**Work required:** Extract, verbatim, all lines starting at the one containing "Natural beauty and" and ending with the final line of the listing, and no others.

**Source data:**
•••
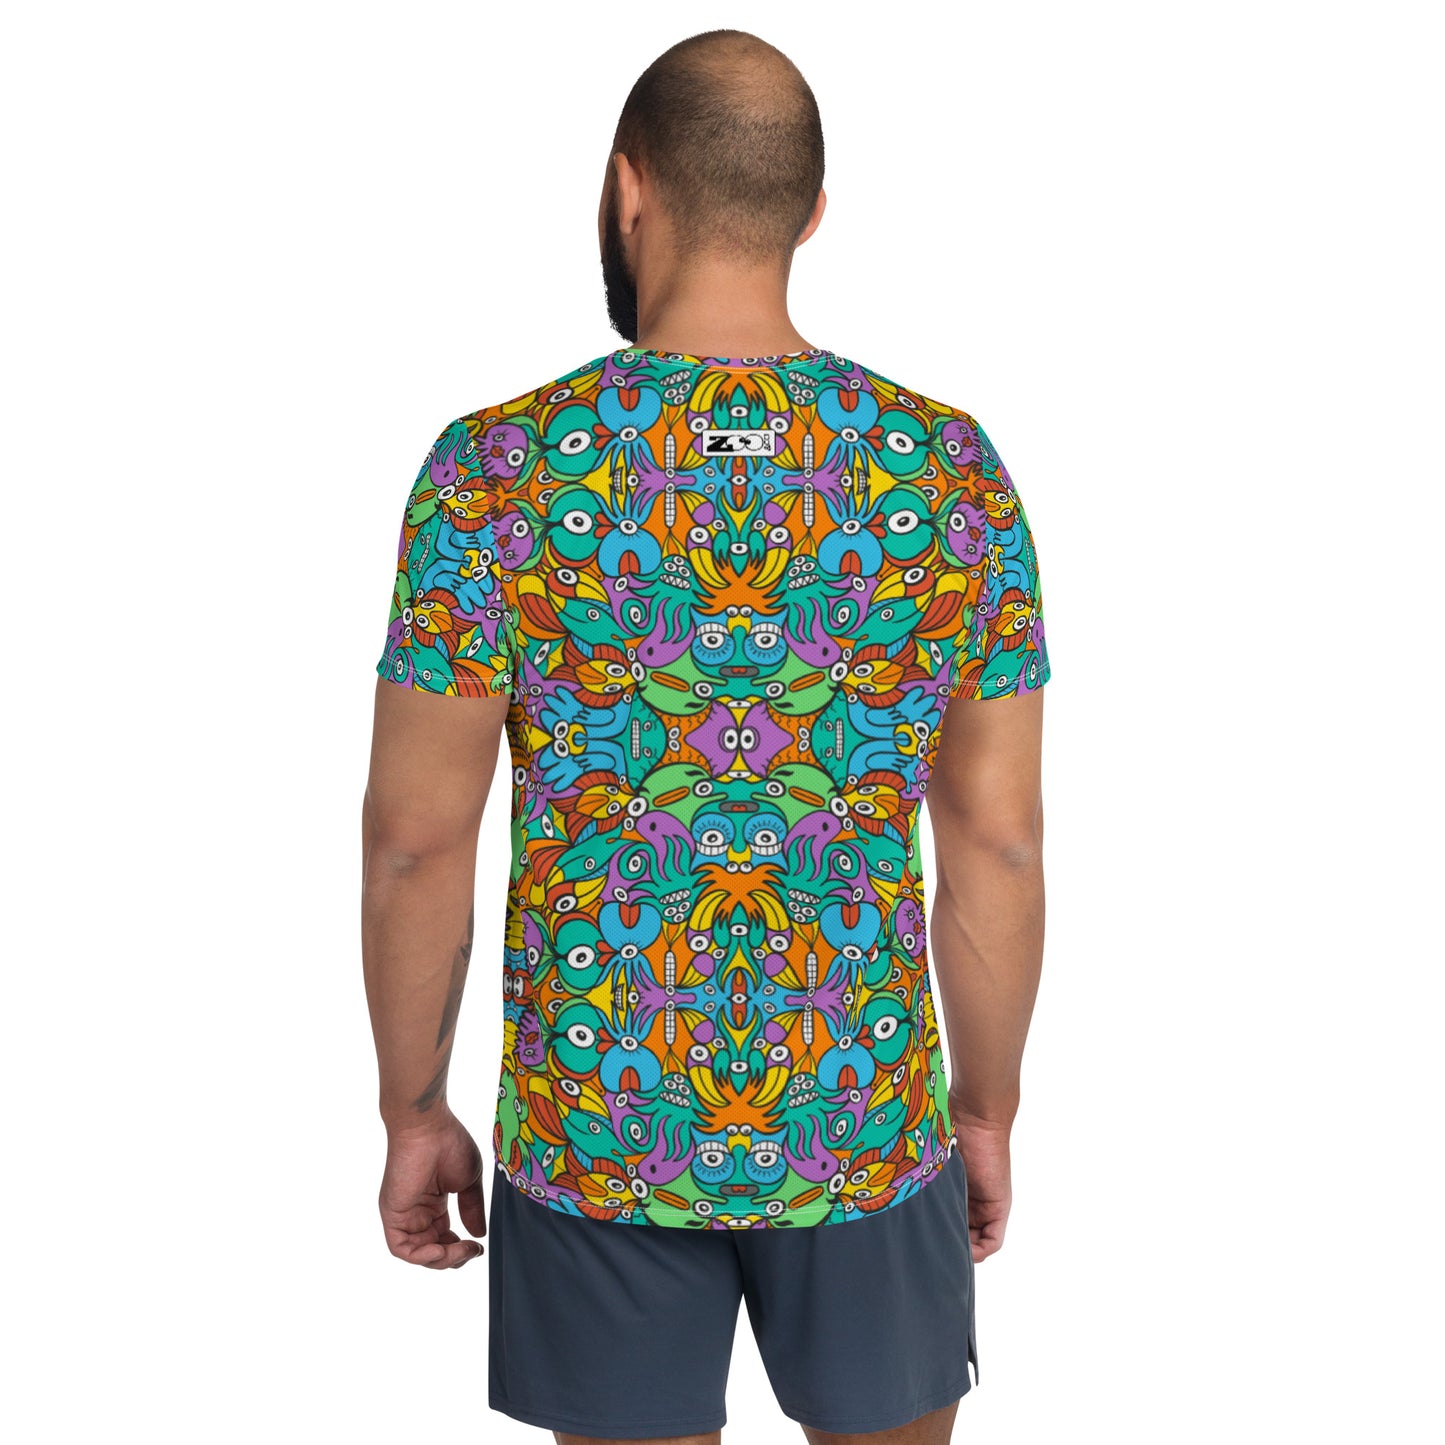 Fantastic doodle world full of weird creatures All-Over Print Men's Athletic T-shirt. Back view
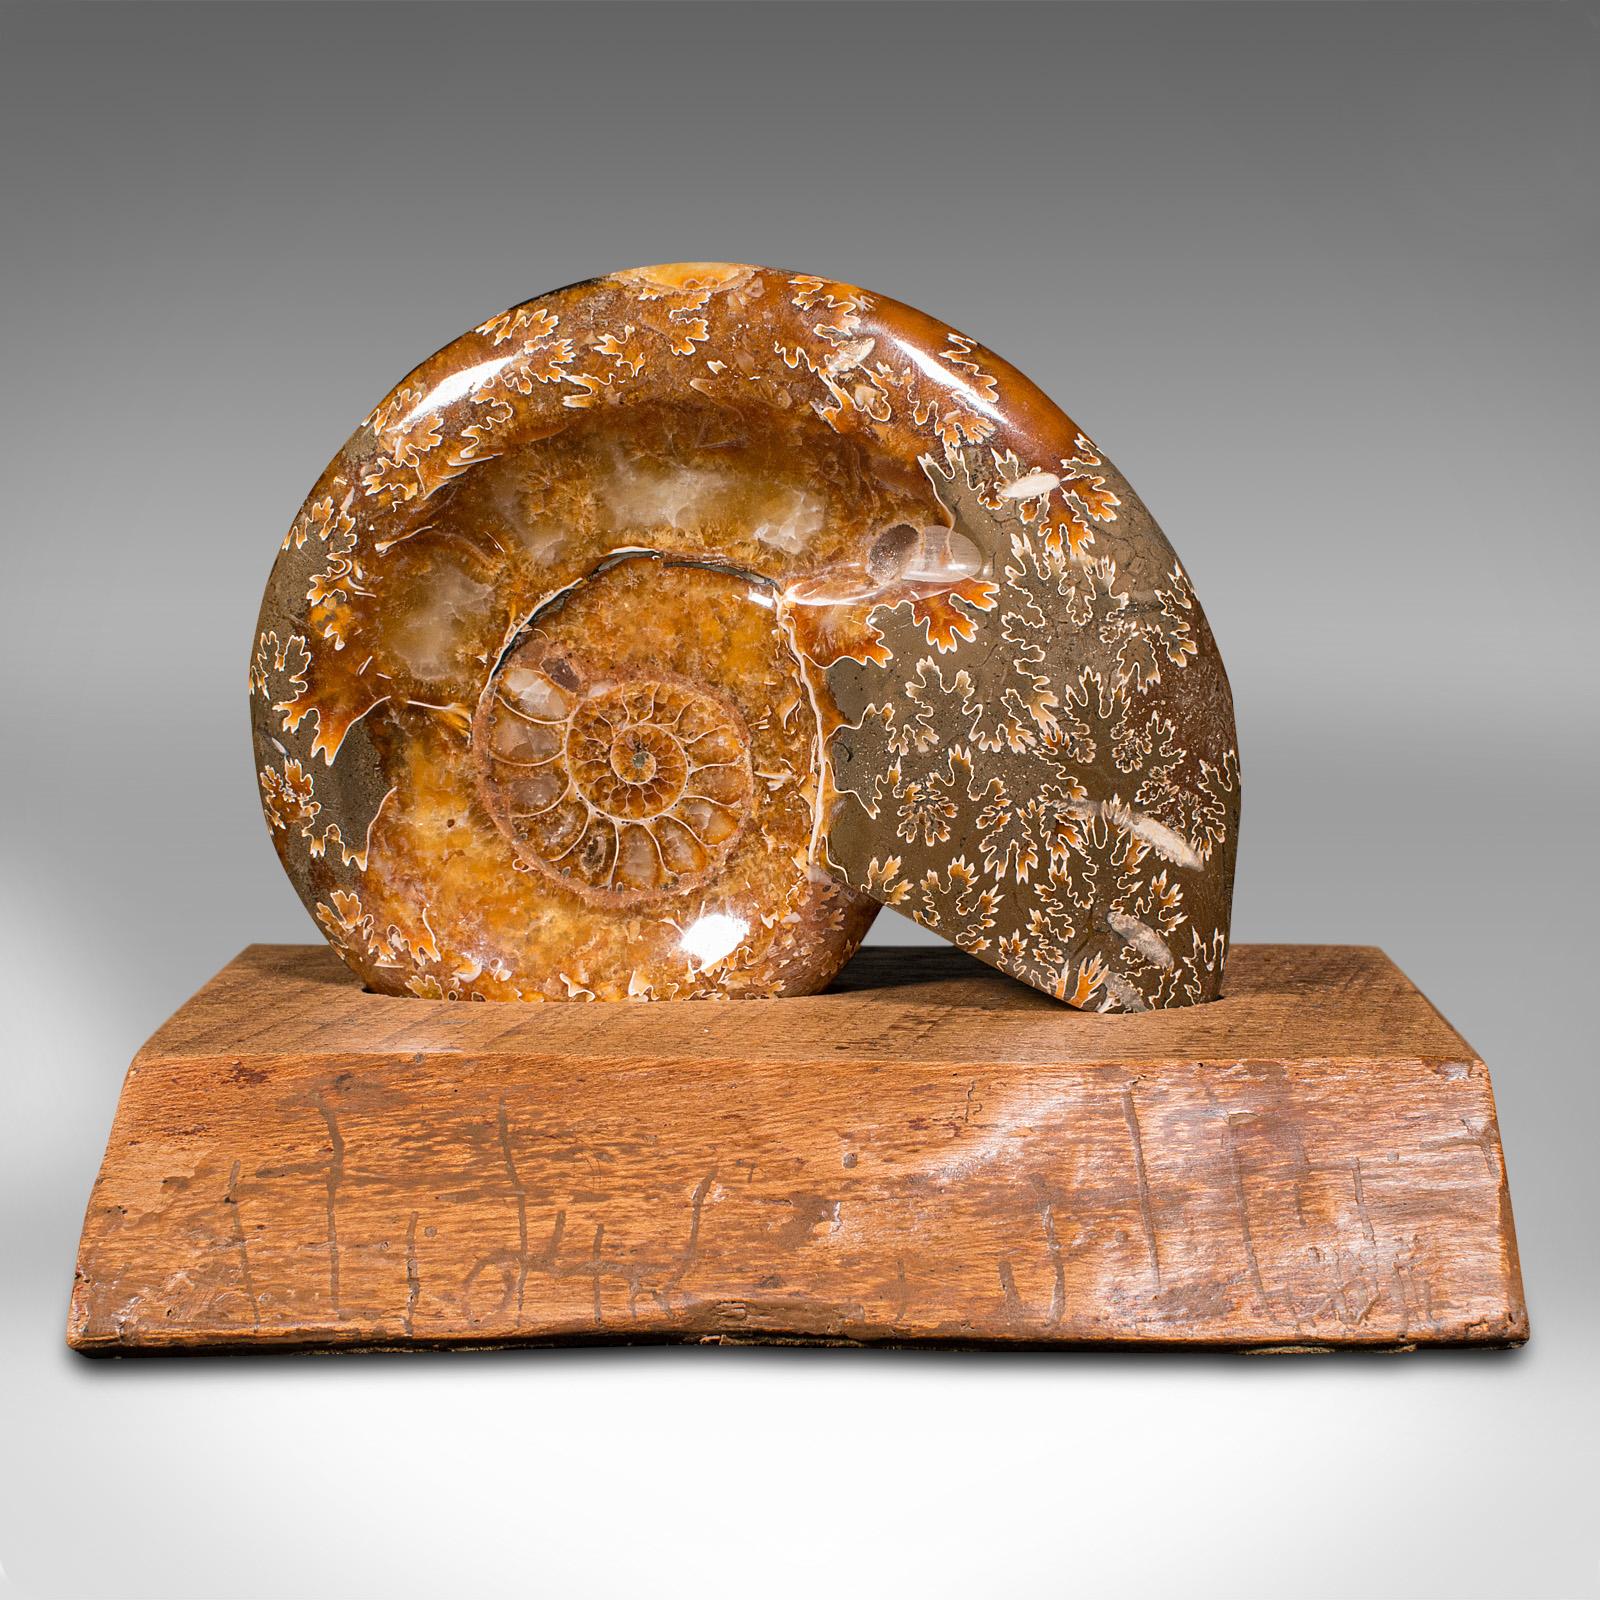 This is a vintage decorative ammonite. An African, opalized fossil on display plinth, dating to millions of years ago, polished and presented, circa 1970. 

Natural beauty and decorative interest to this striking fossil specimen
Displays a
•••
**Result of this task:**
Natural beauty and decorative interest to this striking fossil specimen
Displays a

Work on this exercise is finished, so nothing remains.